If anything were to go wrong in a high-profile project like Greensand, the reputational damage to CCS – and to Denmark’s broader climate strategy – could be severe.
A North Sea carbon network takes shape
Greensand is not the only Danish storage project in play.
- Bifrost, led by TotalEnergies and Nordsøfonden, aims to use the depleted Harald gas fields to store 3 million tonnes of CO₂ a year by 2030, rising to a potential 16 million tonnes after expansion.
- Greenstore, an onshore project in the Gassum area, could eventually hold up to 5 million tonnes a year.
- Other licences, including Ruby and Norne, target onshore saline aquifers and could together provide tens of millions of tonnes of capacity.
Beyond Denmark, the IOGP Europe map lists a growing roster of offshore storage projects around the North Sea and the broader European continental shelf, many backed by EU Innovation Fund support or designated as Projects of Common Interest.
Overlay this with the EU’s Industrial Carbon Management Strategy and the picture becomes clearer: policymakers are not merely dabbling in CCS. They are trying to build an integrated CO₂ transport and storage market, with:
- Cross-border shipping and pipeline networks;
- Standardised storage permits and monitoring rules;
- Obligations on oil and gas companies to turn depleted fields into storage assets.
If successful, the North Sea could become a shared piece of decarbonisation infrastructure – a kind of negative-emissions utility serving multiple countries and industries.

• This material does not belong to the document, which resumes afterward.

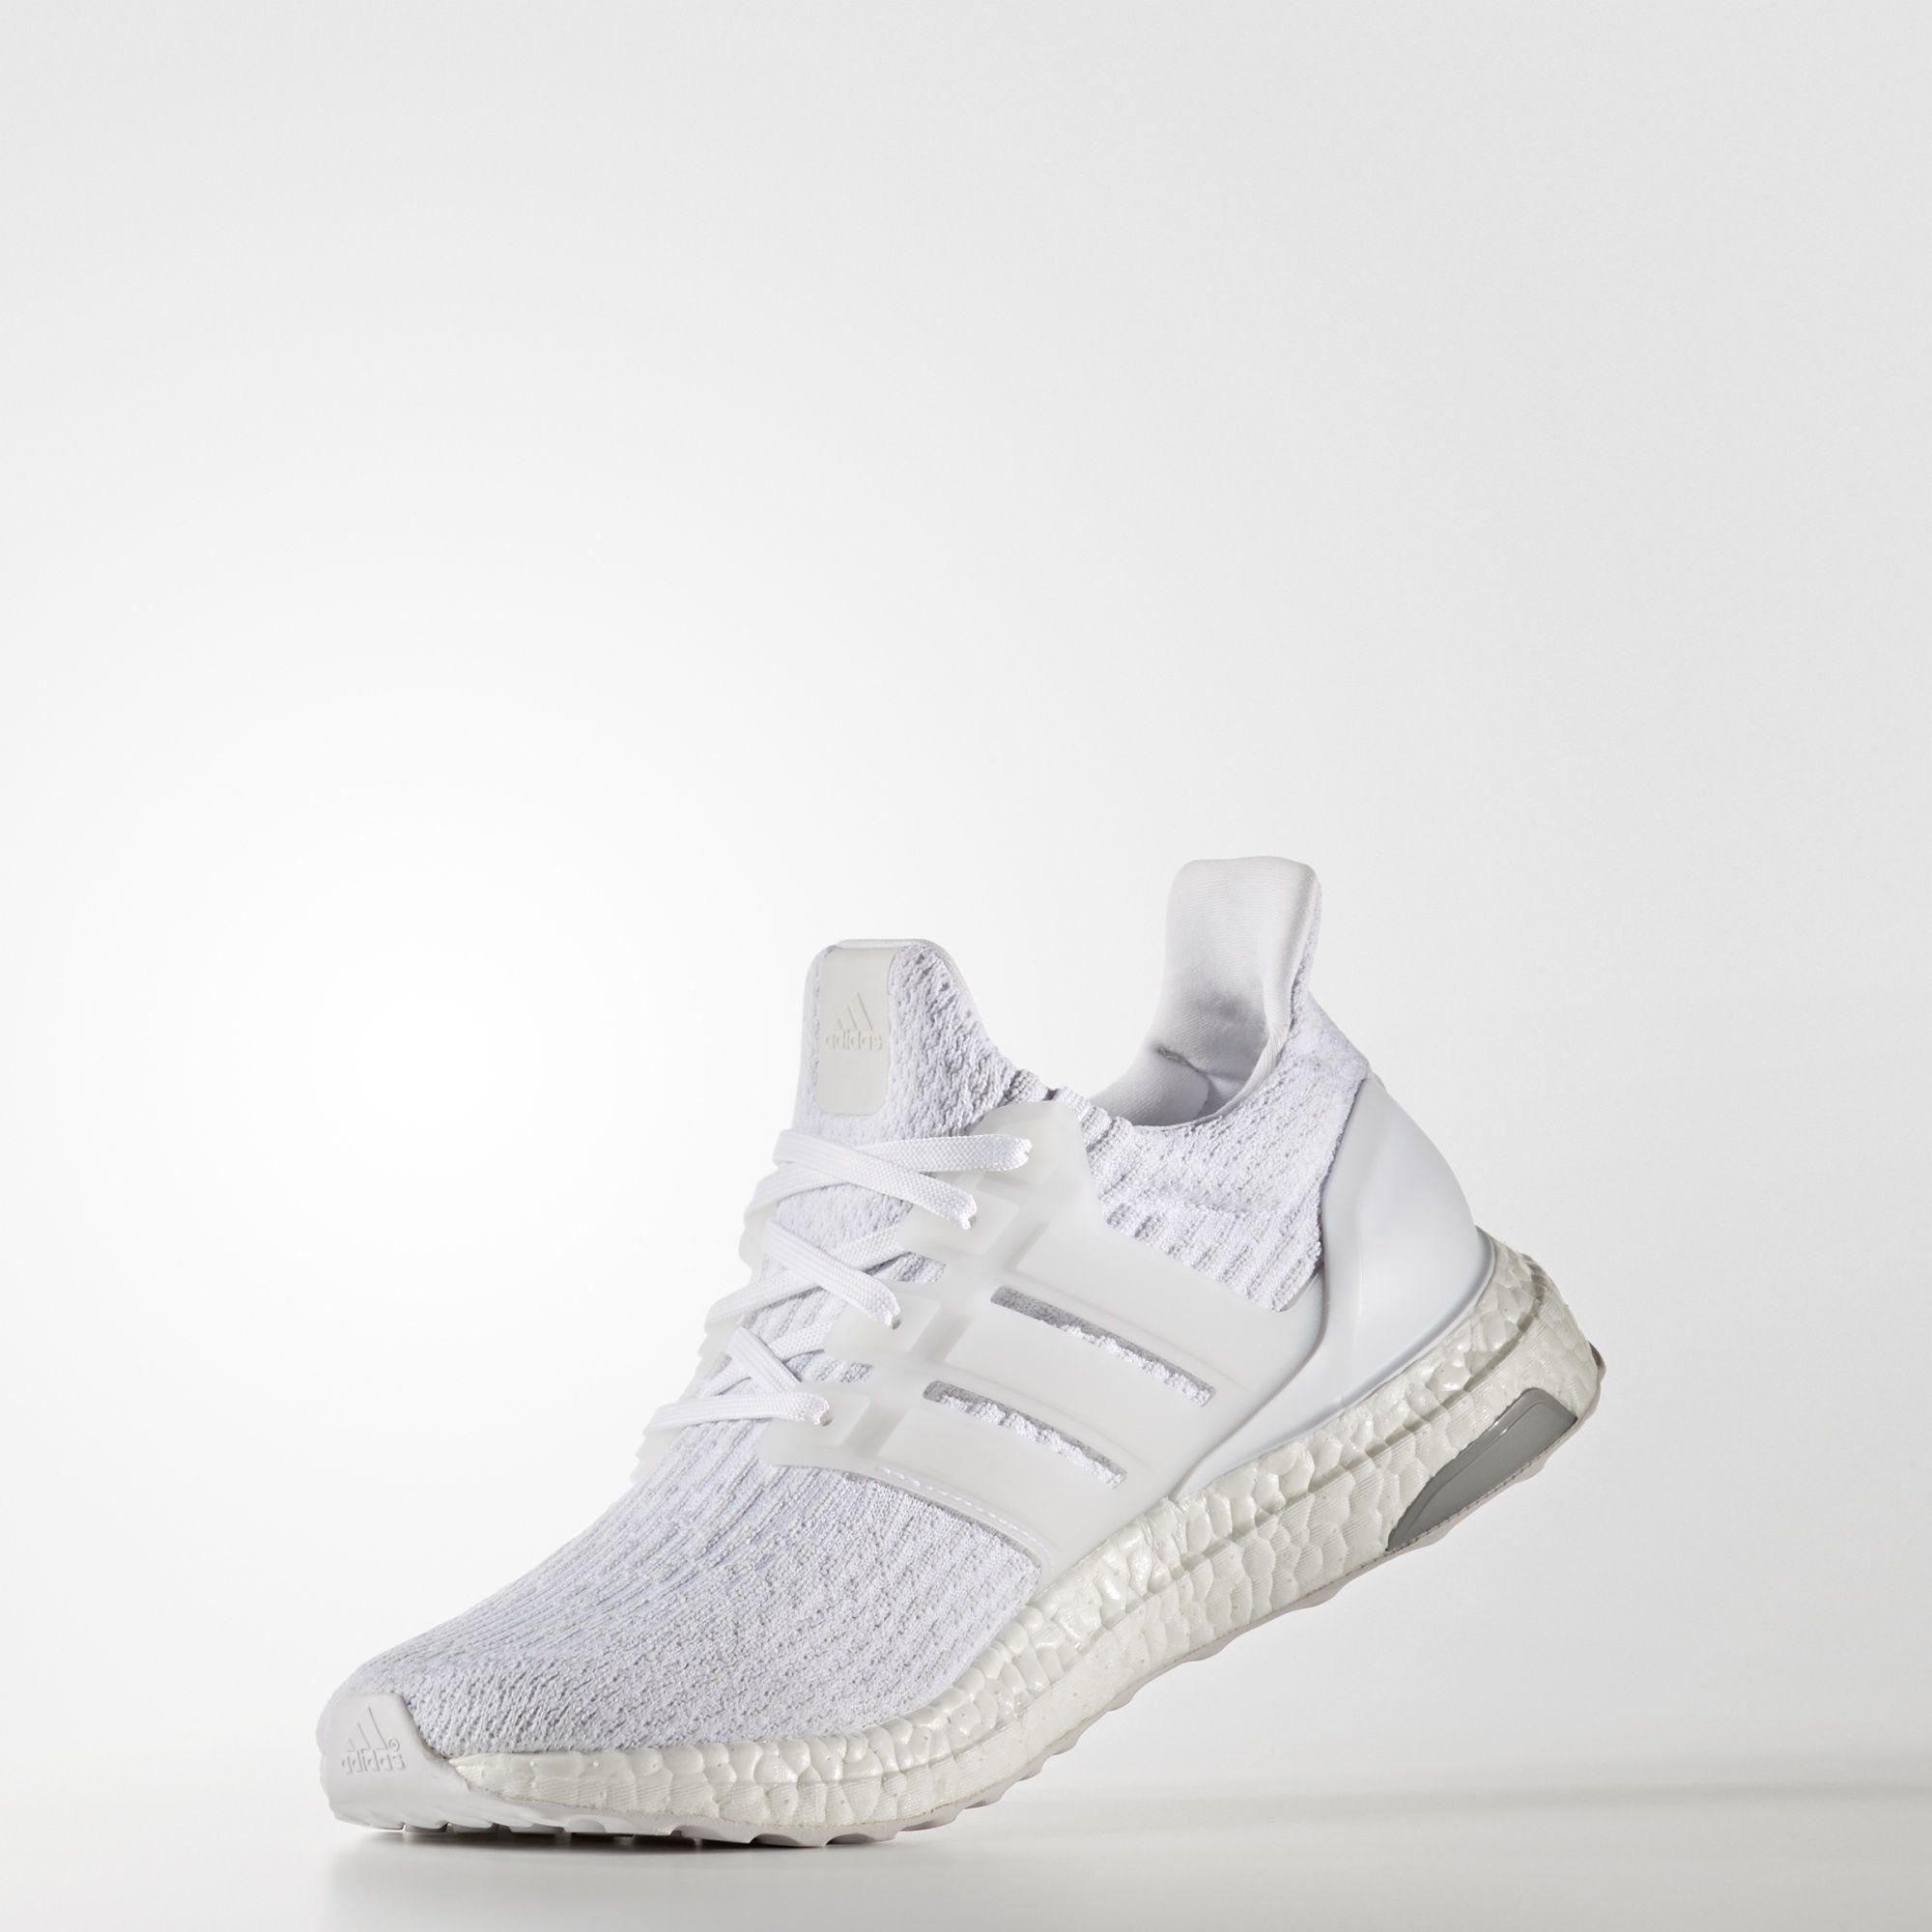 adidas Ultra Boost 3 0 Triple White BA8841 4

What success would really look like
It is tempting to treat Greensand’s story as a neat narrative arc: from oil to climate solution. Reality will be messier.
By 2030, a realistic definition of success for Denmark and the EU might look like this:
- Greensand and several other Danish sites operating safely at or near their planned capacities.
- A functioning market in storage services, with cross-border CO₂ flows from industrial clusters in Germany, Sweden, the Netherlands and Poland.
- Measurable, independently verified reductions in emissions from specific sectors – cement, chemicals, waste – that would have been extremely difficult to decarbonise otherwise.
- Clear rules that limit CCS to those sectors, rather than allowing it to become a blanket licence for continued fossil fuel use.
Even then, CCS will be a supporting actor, not the star. At 8 million tonnes a year, Greensand’s contribution barely registers against global emissions of nearly 38 billion tonnes, or even Europe’s own share.
Its real significance lies elsewhere. If Denmark can show that offshore storage can be deployed quickly, safely and at tolerable cost – and that it can be integrated with strong policies on renewables, electrification and efficiency – it will provide a template that others can adapt.
If, on the other hand, Greensand fails to scale, suffers delays or becomes a symbol of public anger over costs and fossil fuel lock-in, it will reinforce the arguments of those who say CCS is a distraction from the real work of cutting emissions.
For now, the Nini West field stands as a physical expression of a broader choice. Europe has decided it cannot meet its climate targets without burying at least some of its carbon. The question is whether projects like Greensand will become the backbone of a credible decarbonisation strategy – or an expensive detour on the way to a cleaner energy system.